Two papers accepted at ACL 2023
9 May 2023, by Chris Biemann
The 'The 61st Annual Meeting of the Association for Computational Linguistics' (ACL 2023) accepted the following demo paper and short findings paper respectively:
- "The D-WISE Tool Suite: Multi-Modal Machine-Learning-Powered Tools Supporting and Enhancing Digital Discourse Analysis" - Florian Schneider, Tim Fischer, Fynn Petersen-Frey, Isabel Eiser, Gertraud Koch and Chris Biemann
Abstract: This work introduces the D-WISE Tool Suite (DWTS), a novel working environment for digital qualitative discourse analysis in the Digital Humanities (DH). The DWTS addresses limitations of current DH tools induced by the ever-increasing amount of heterogeneous, unstructured, and multi-modal data in which the discourses of contemporary societies are encoded. To provide meaningful insights from such data, our system leverages and combines state-of-the-art machine learning technologies from Natural Language Processing and Computer Vision. Further, the DWTS is conceived and developed by an interdisciplinary team of cultural anthropologists and computer scientists to ensure the tool's usability for modern DH research. Central features of the DWTS are: a) import of multi-modal data like text, image, audio, and video b) preprocessing pipelines for automatic annotations c) lexical and semantic search of documents d) manual span, bounding box, time-span, and frame annotations e) documentation of the research process.

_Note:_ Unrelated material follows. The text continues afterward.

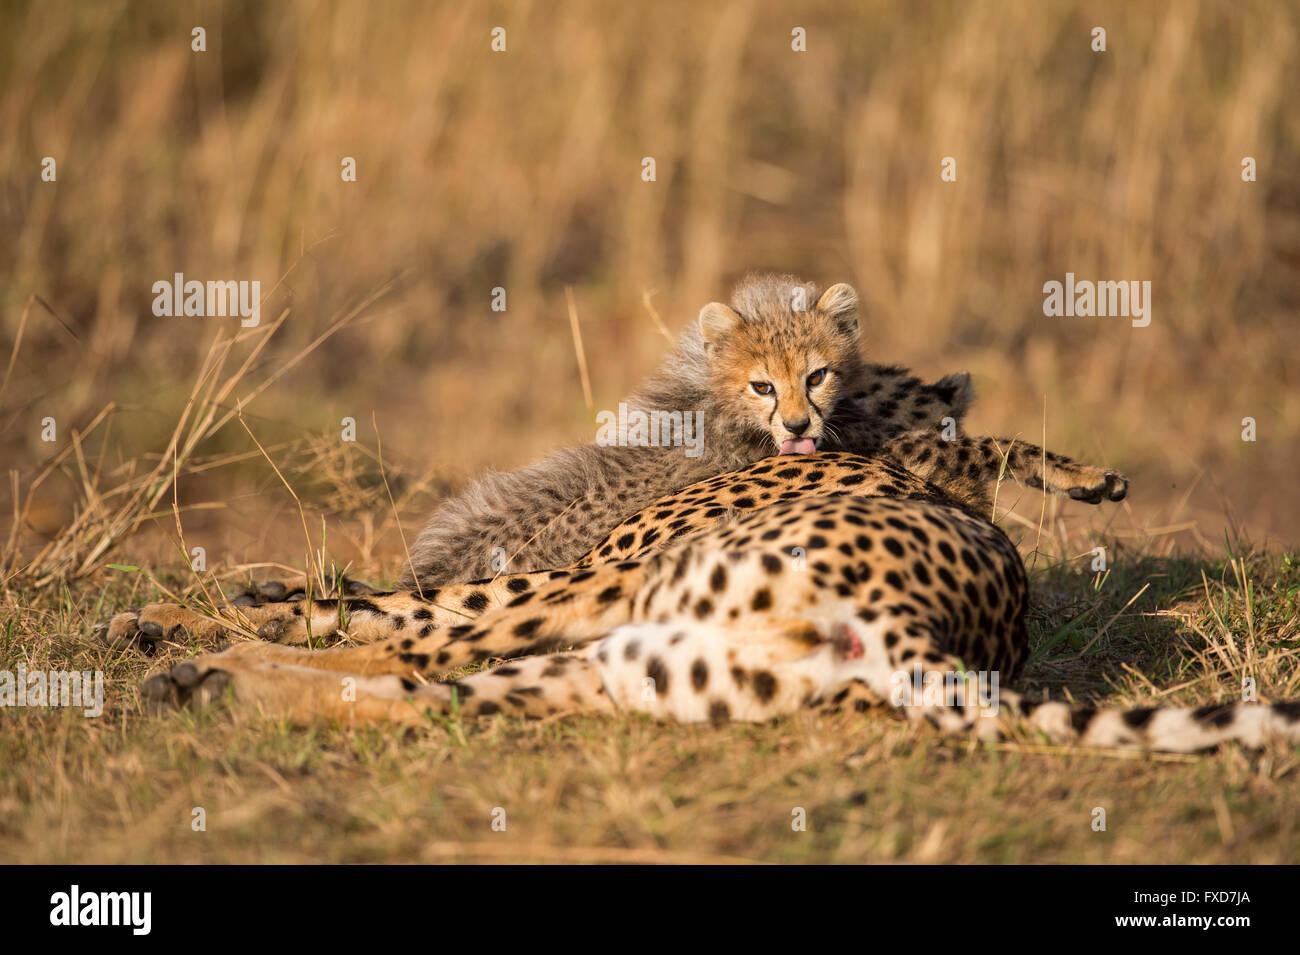 Madre y cachorros de guepardo (Acinonyx jubatus) descansando en una pradera en Masai Mara, Kenya Foto de stock

- " The Role of Output Vocabulary in T2T LMs for SPARQL Semantic Parsing" - Debayan Banerjee, Pranav Ajit Nair, Ricardo Usbeck, Chris Biemann
Abstract: In this work, we analyse the role of output vocabulary for text-to-text (T2T) models on the task of SPARQL semantic parsing. We perform experiments within the the context of knowledge graph question answering (KGQA), where the task is to convert questions in natural language to the SPARQL query language. We observe that the query vocabulary is usually distinct from human vocabulary. Language Models (LMs) are pre-dominantly trained for human language tasks, and hence, if the query vocabulary is replaced with a vocabulary from the LM tokenizer, the performance of models may improve. We carry out carefully selected vocabulary substitutions on the queries and find absolute gains in the range of 17% on the GrailQA dataset.
The papers will soon be available in our "Publications" section.